Hunger Doesn’t Close for the Summer: Upcoming Legislation on Childhood Hunger

In Washington, 1 in 4 children experience hunger. Despite warm weather and the bounty of our state’s agriculture, low-income families often struggle even more with finding enough food to meet their basic needs when schools close for the summer. Without school meals, families must find the resources to provide breakfasts, lunches and snacks for their kids who are now home during the day.

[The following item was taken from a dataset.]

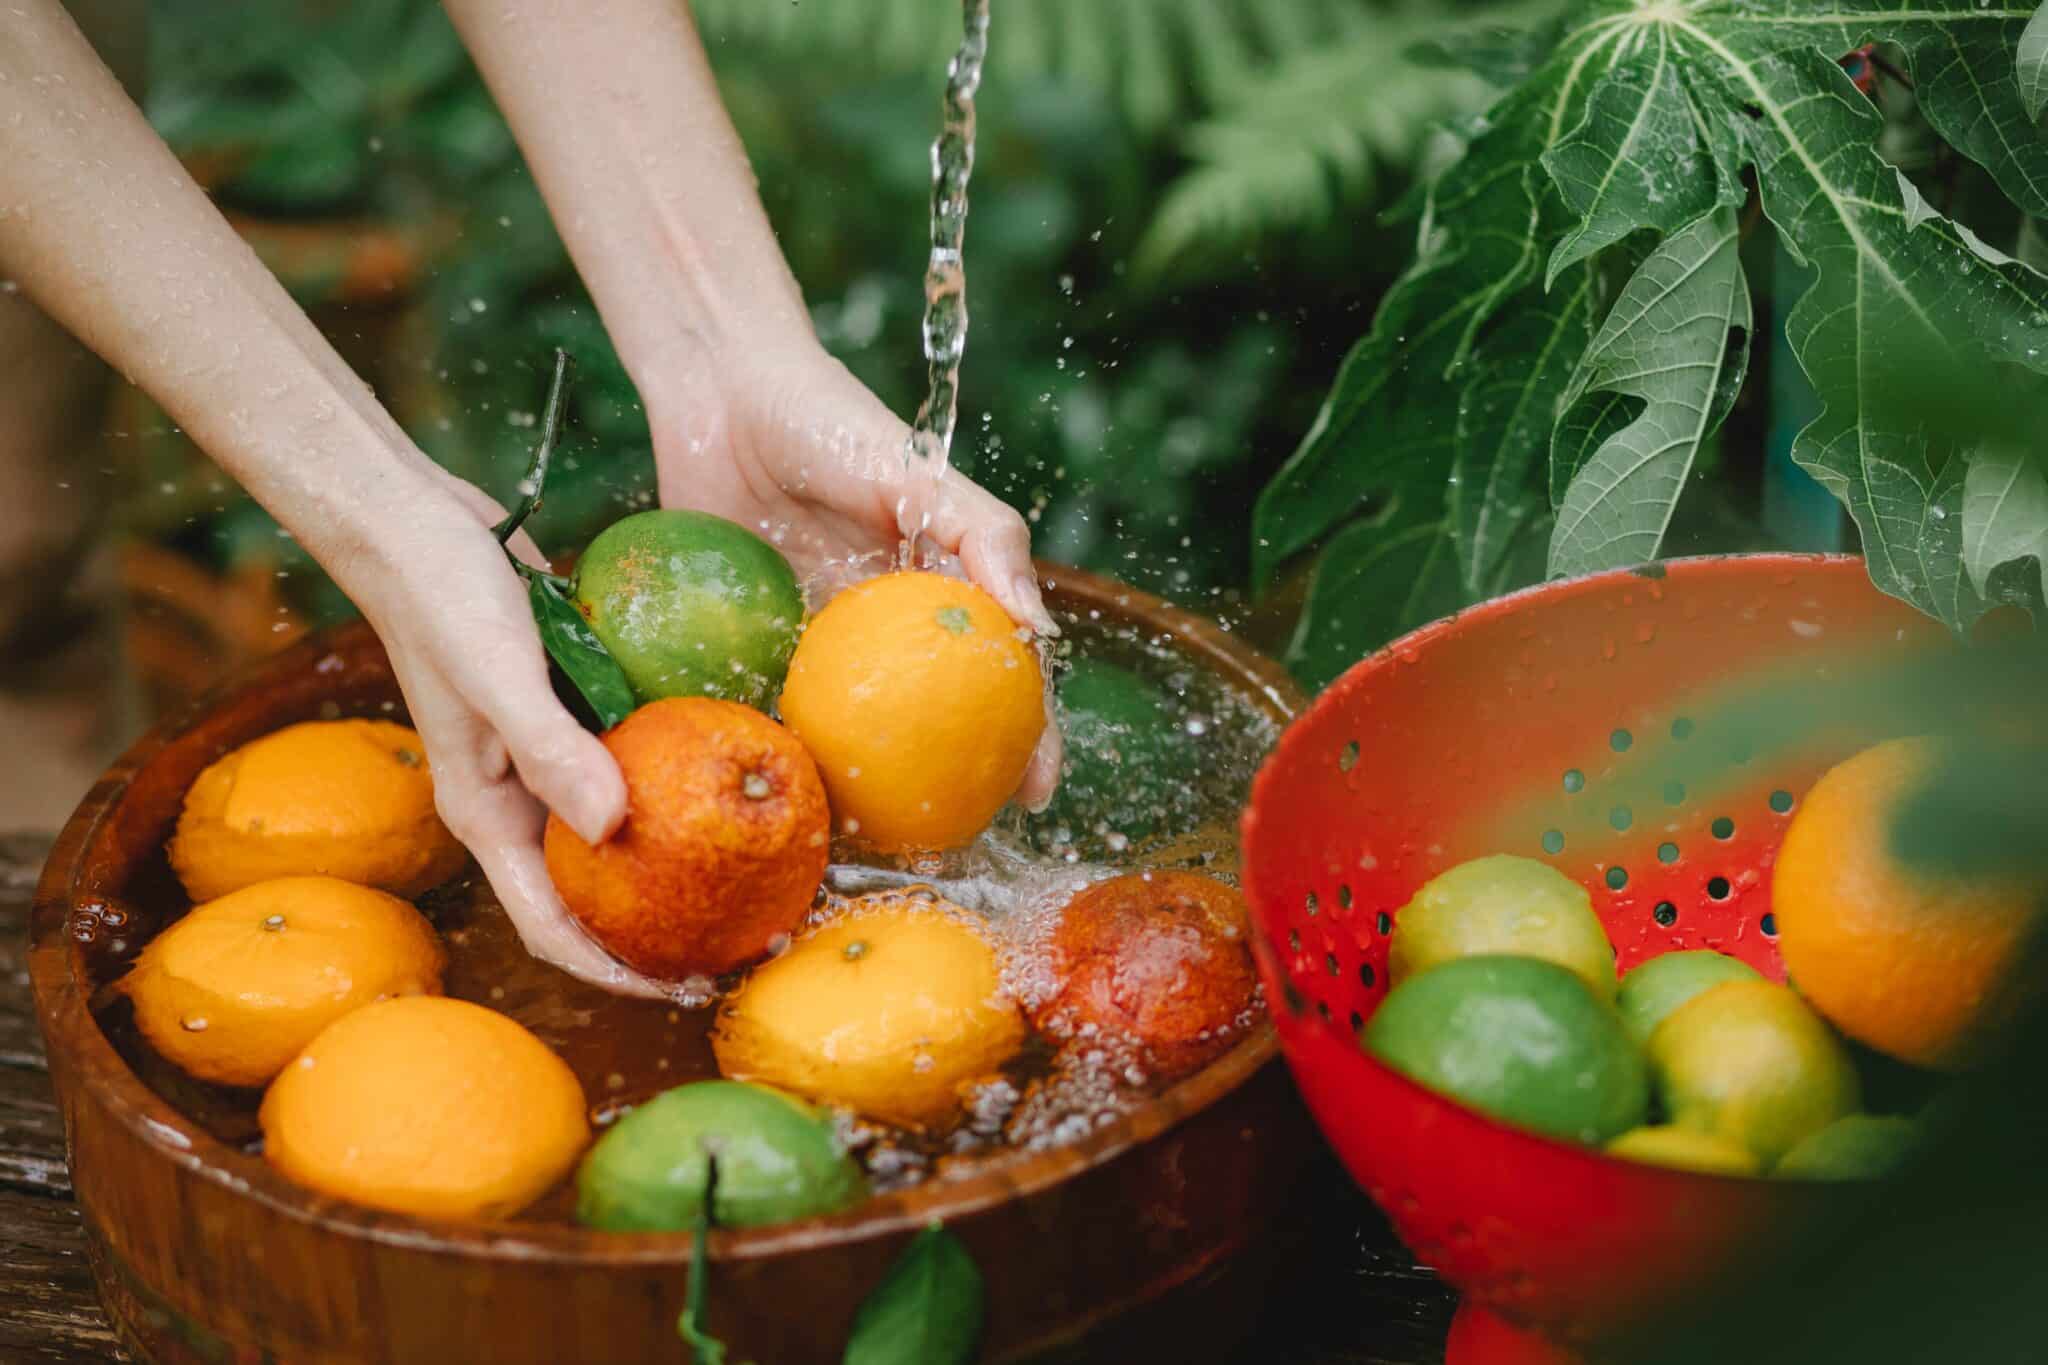 hands washing fruits near greenery

Over the next few months, Congress will begin work on several important pieces of legislation that will impact the work of ending childhood hunger:

  • Federal Budget Appropriations: Congress must agree on a budget package to ensure funding for government programs and operations by the start of the next fiscal year on Oct. 1. Both the Senate and the House Agriculture Appropriations Subcommittees passed finance packages last week, proposing funding for important child nutrition programs like WIC, SNAP, and TEFAP. Additionally, the House finance package includes a provision that attempts to roll back school meal standards that call for more whole grains, less sodium, and more fruits and vegetables.
  • STOP Child Summer Hunger Act: Sen. Patty Murray is championing legislation that proposes giving an Electronic Benefits Transfer (EBT) card to families with children who are eligible for the free and reduced price school meal program with an additional $150 to be spent on food during the summer months. This proposal is based off of a pilot program (one testing area was Washington’s Clark County) that has shown high success rates in reducing hunger for families with children. The pilot program showed that hunger was reduced for these families by as much as 33%. A summer EBT program will supplement the existing Summer Food Service Program (SFSP) that provides funding for schools and private nonprofit organizations to host free summer meal sites.
  • Child Nutrition and WIC Reauthorization Act: This legislation authorizes the government programs that ensure that low-income children can access healthy food where they live, play, and go to school. This package includes our national school lunch and breakfast programs, summer meals, after school meals, and meals at child care centers. This act also governs the monthly WIC package that provides foods targeted for meeting specific nutritional needs for pregnant women, infants and young children and the Farmers Market Nutrition Program for WIC. Congress reviews and reauthorizes these programs every five years. The current act, the Healthy, Hunger Free Kids Act of 2010, will expire on September 30, 2015. That means that Congress won’t actively debate this legislation until next year; however, research and formation of priorities to expand and strengthen these programs will start now and continue over the next year.